11 [14] The BCCSA has often held that it will not lightly find a contravention of clause 35 of the Code. As the Tribunal remarked in D Grove v e-tv 15

Yet it has constantly been our approach to clause 35 (clause 3 in the previous Code) that only in cases where it is absolutely clear that there was unfair comment on a matter of public importance would we find against a broadcaster under this clause. Balance and fairness are difficult aims to meet, and so, in order not to stifle freedom of expression, in cases where doubt exists we would rather come to the finding that a programme has not contravened this clause of the code, than stifle debate and free speech, even though such speech may not be wholly sensitive or balanced.

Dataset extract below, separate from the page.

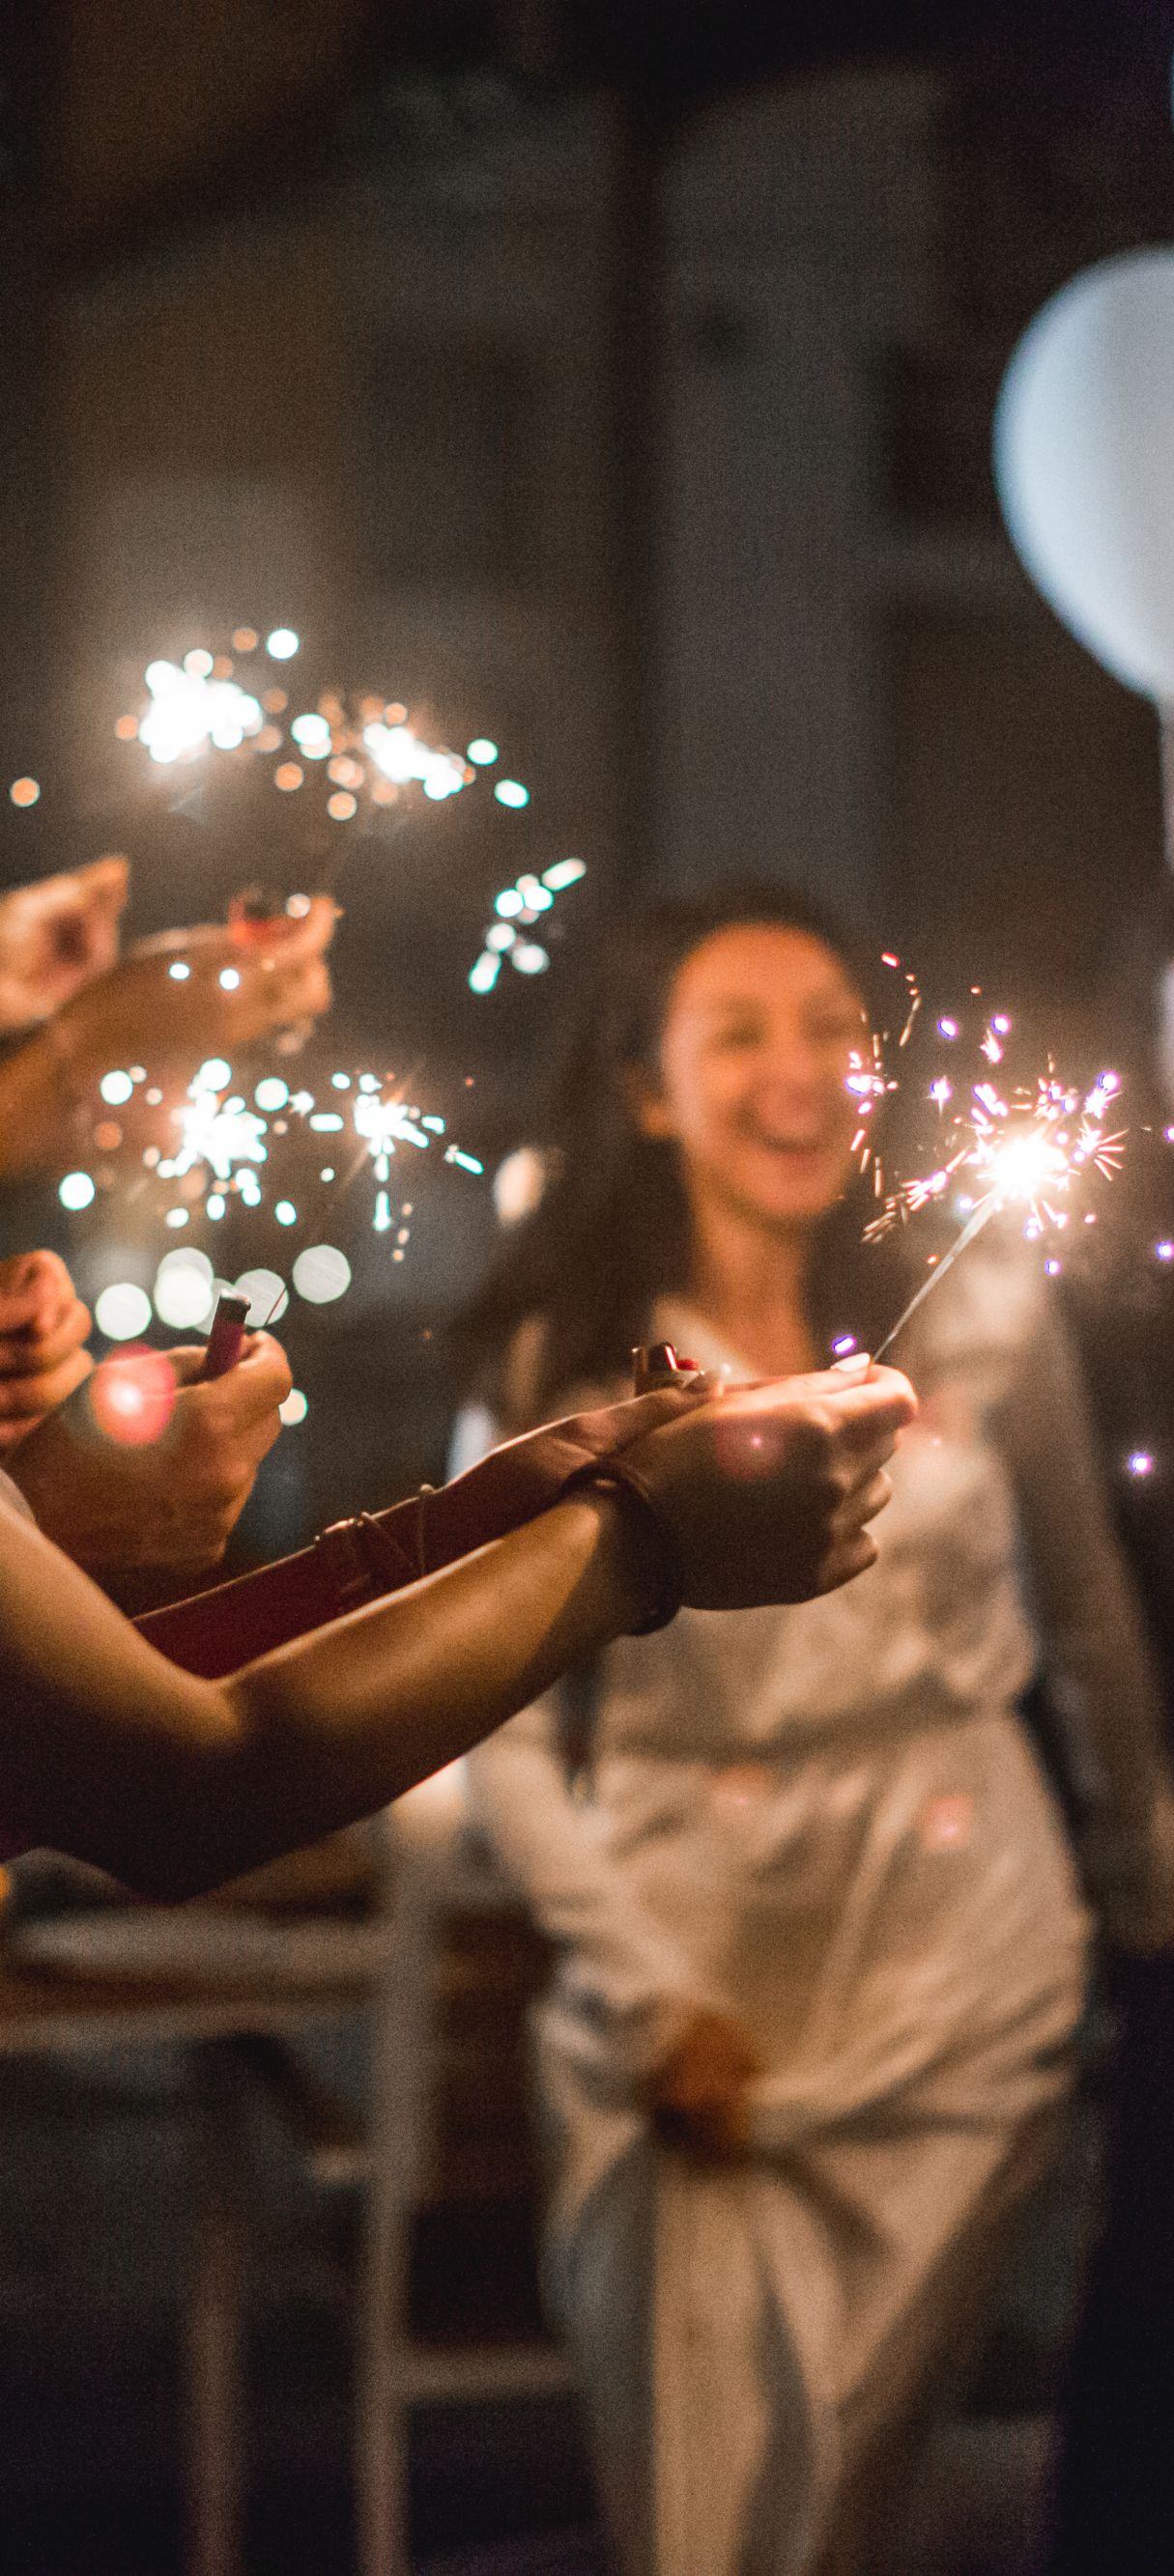 People celebrating newlyweds with sparklers

[15] MXit finally argued that Carte Blanche should, as required by clause 36 of the Code, have presented "opposing points of view, for example, those of satisfied MXit users and/or their parents." I am satisfied that by having included the comments of a representative of MXit, clause 36 was complied with. There is no duty on a broadcaster to add favourable comments when it has already complied with the basic tenets of the Code. In any event Heunis' views, as the official representative of MXit, were broadcast; he was afforded the opportunity to explain how popular MXit is with the public; to comment on the request by Frances' "friend" that she "go public"; to describe the terms of use of MXit where users log in for the first time, and also each time they enter a chat room; and to explain that there are a number of players who are involved in deciding how abuses of the technology might be curbed, such as "the individual, … the parent, … the technology company."

In the result we could find no contravention of the Broadcasting Code.

JCW VAN ROOYEN SC 18 December 2006 CHAIRPERSON

Commissioner Lötter and ad hoc Commissioner Mokoena-Msiza concurred in the judgment of the Chairperson.

15 D Grové vs e-tv, Case No: 2004/29 at para [14].